The mean biometric measurements with the three optical biometry devices are shown in Table 1. The mean AL measurement obtained using the Lenstar LS900 was significantly longer than that obtained with the other two devices, the IOL Master 500 and the IOL Master 700, by mean differences of 0.012 ± 0.03 mm (p < 0.001) and 0.012 ± 0.04 mm (p = 0.002), respectively. The mean Km obtained with the IOL Master 500 was significantly higher than that from the IOL Master 700 and Lenstar LS900, respectively (p < 0.001 and p < 0.001, respectively). The mean ACD obtained with the IOL Master 500 was significantly shorter than the IOL Master 700 and Lenstar LS900 (p = 0.001 and p < 0.001, respectively).
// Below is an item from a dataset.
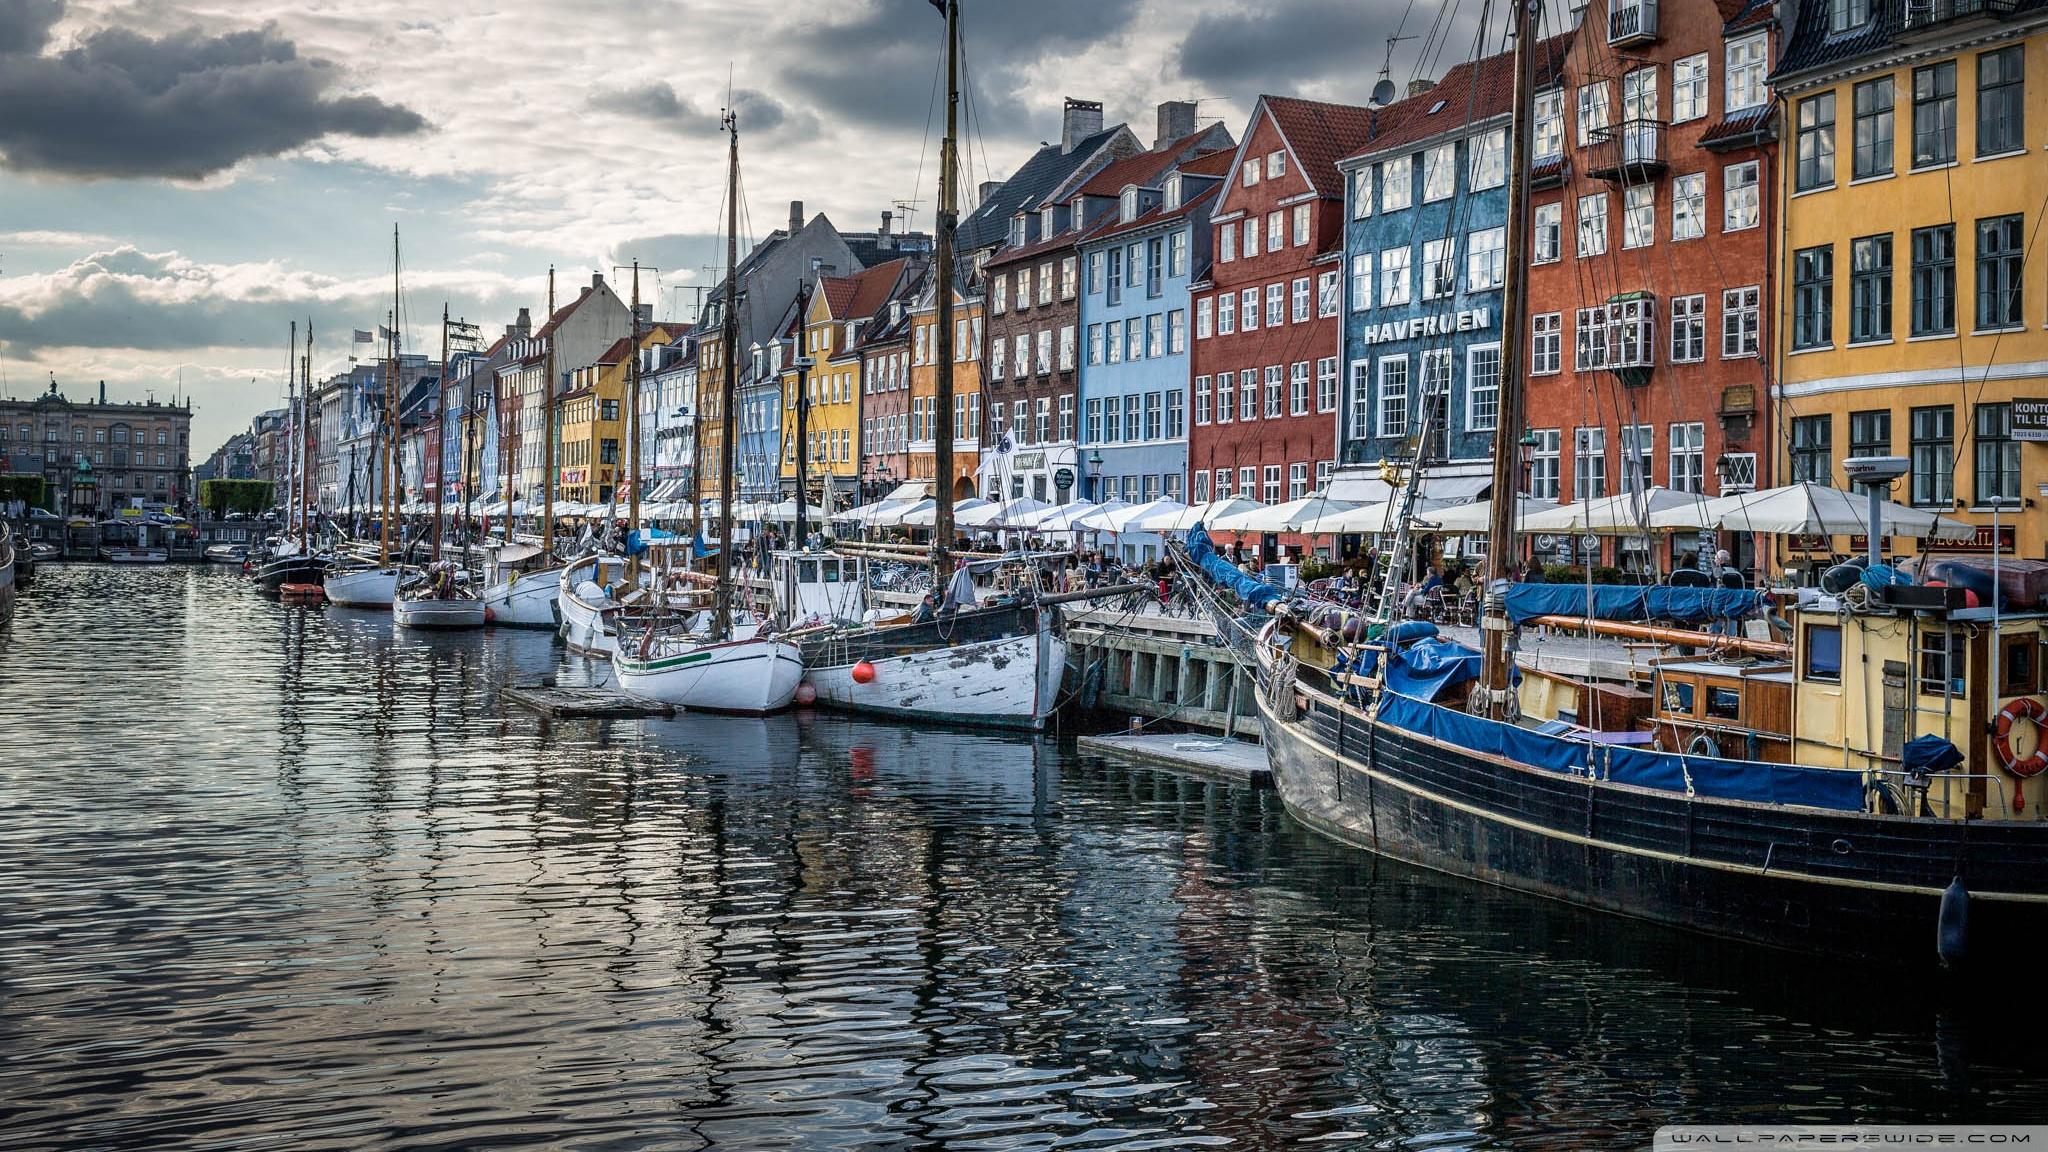 Copenhagen Denmark 4K HD Desktop Wallpaper for 4K Ultra HD TV 2048x1152

Additional subgroup analyses were done according to the AL (Table 2) and the Km (Table 3) of the eyes. Long eyes were defined as AL longer than 25.5 mm, short eyes were defined as AL shorter than 22.5 mm, and eyes with AL measurements between them were defined as medium eyes. In the long eyes group, the mean AL measurement with Lenstar LS900 was significantly longer than with the other two devices, IOL Master 500 and IOL Master 700, by mean differences of 0.047 ± 0.03 mm (p < 0.001) and 0.051 ± 0.06 mm (p = 0.002), respectively. However, in the medium and short eyes groups, AL measurements among the three devices were not significantly different. Eyes with steep Kms were defined as those with Km values steeper than 46 diopters (D), eyes with flat Kms had values flatter than 42 D, and eyes with Km between the two were defined as medium Km. In the medium Km subgroup, the IOL Master 500 measured significantly steeper than other two devices, while the steep Km and flat Km subgroups showed no significant differences. In the medium Km subgroup, the mean differences between IOL Master 500 were 0.072 ± 0.22 D (p = 0.003) and 0.069 ± 0.17 D (p < 0.001) with the IOL Master 700 and Lenstar LS900, respectively.
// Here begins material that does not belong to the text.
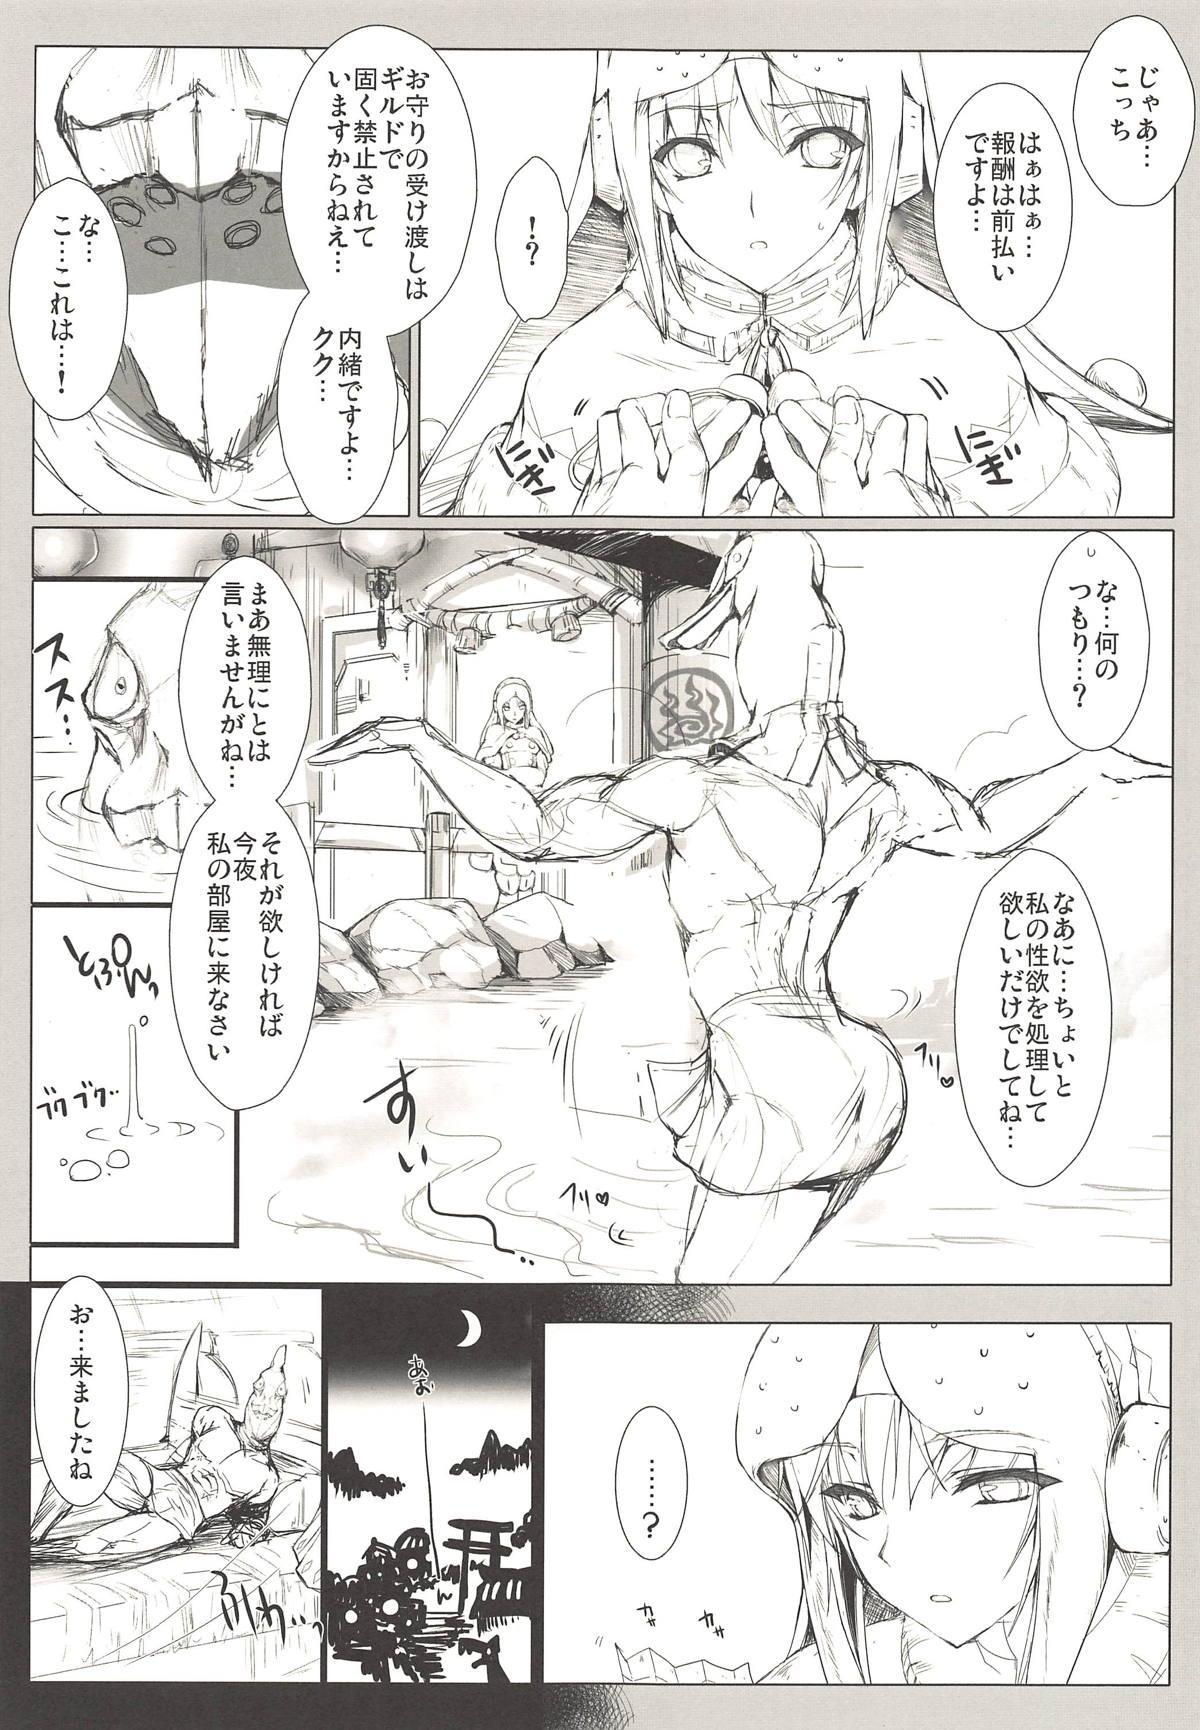 Monhan no Erohon G3 11→14+Juuhi+Omakebon Soushuuhen 51

The Bland-Altman plots of agreement between each of the two devices for AL, Km, and ACD are shown in Fig. 1A–1I. All plots showed high agreement and narrow 95% limits of agreement for the values of ocular parameters with each of the two devices.
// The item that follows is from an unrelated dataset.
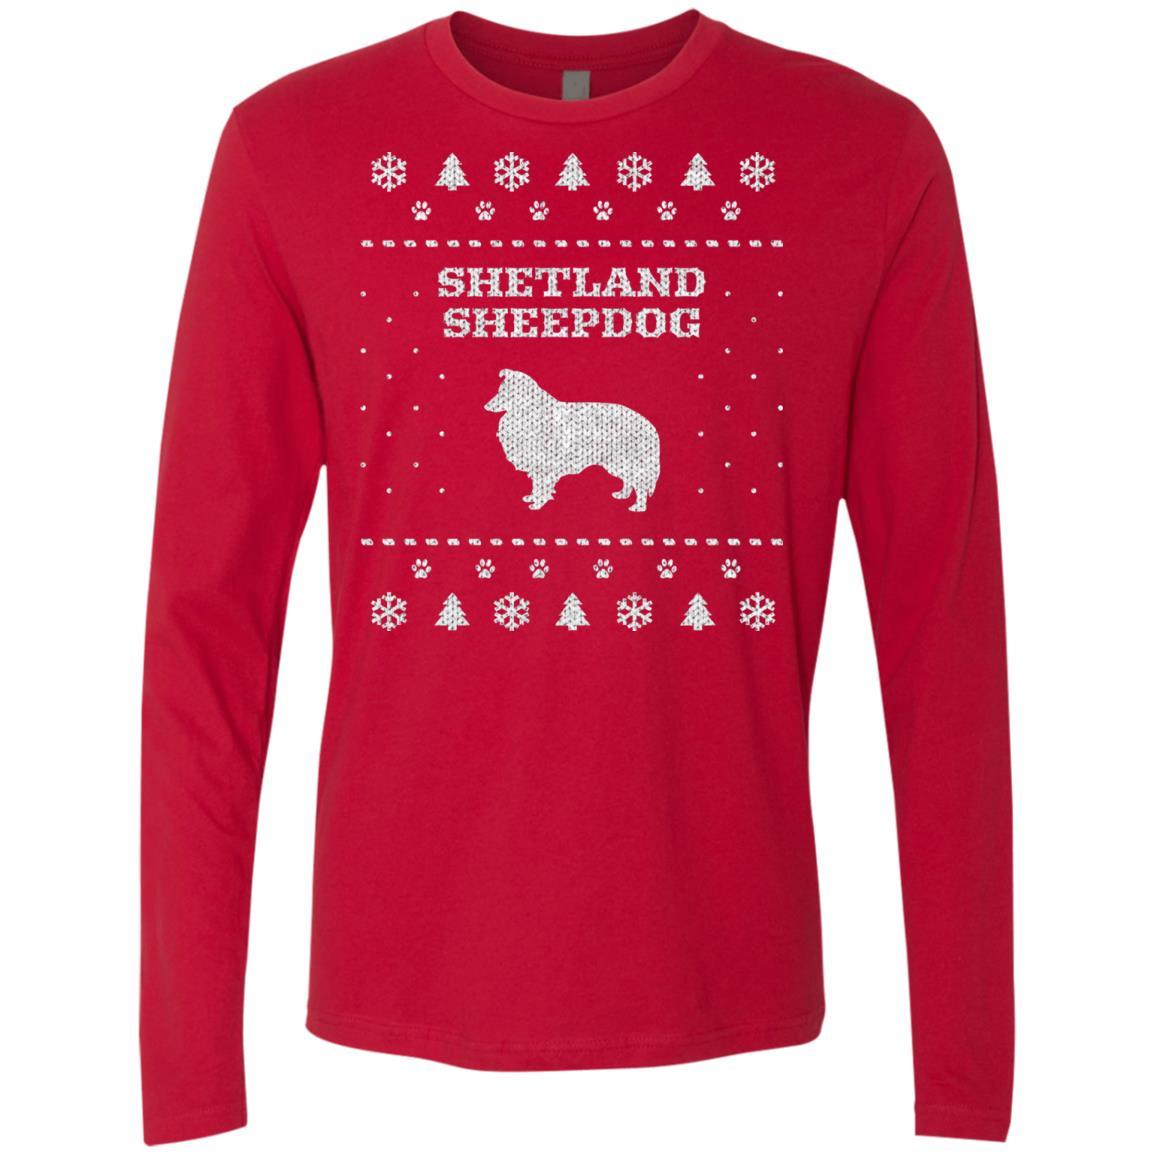 Shetland sheepdog christmas premium long sleeve shirt iheartdogs shetland sheepdog christmas premium long sleeve shirt nvjuhfo Images

For the 54 eyes that underwent cataract surgery and were implanted with ZCB00 (Tecnis), all had refractive PE within 1.5 D. Considering the mean PE, the postoperative refraction was slightly hyperopic using the Haigis formula with IOL Master 500 (0.05 ± 0.46 D) and myopic for SRK/T with both the IOL Master 700 and Hill-RBF formula with Lenstar LS900 (−0.17 ± 0.41 and −0.12 ± 0.40 D, respectively) compared with the predicted value. However, there were no significant differences between the absolute PE predicted by three formulae with the three devices (Table 4).

Discussion

Cataract surgery is one of the most frequently performed and successful ophthalmic surgical procedures in recent decades. Therefore, many studies and developments regarding ocular biometry measurements and IOL power calculation have been performed to attain the desired postoperative refraction.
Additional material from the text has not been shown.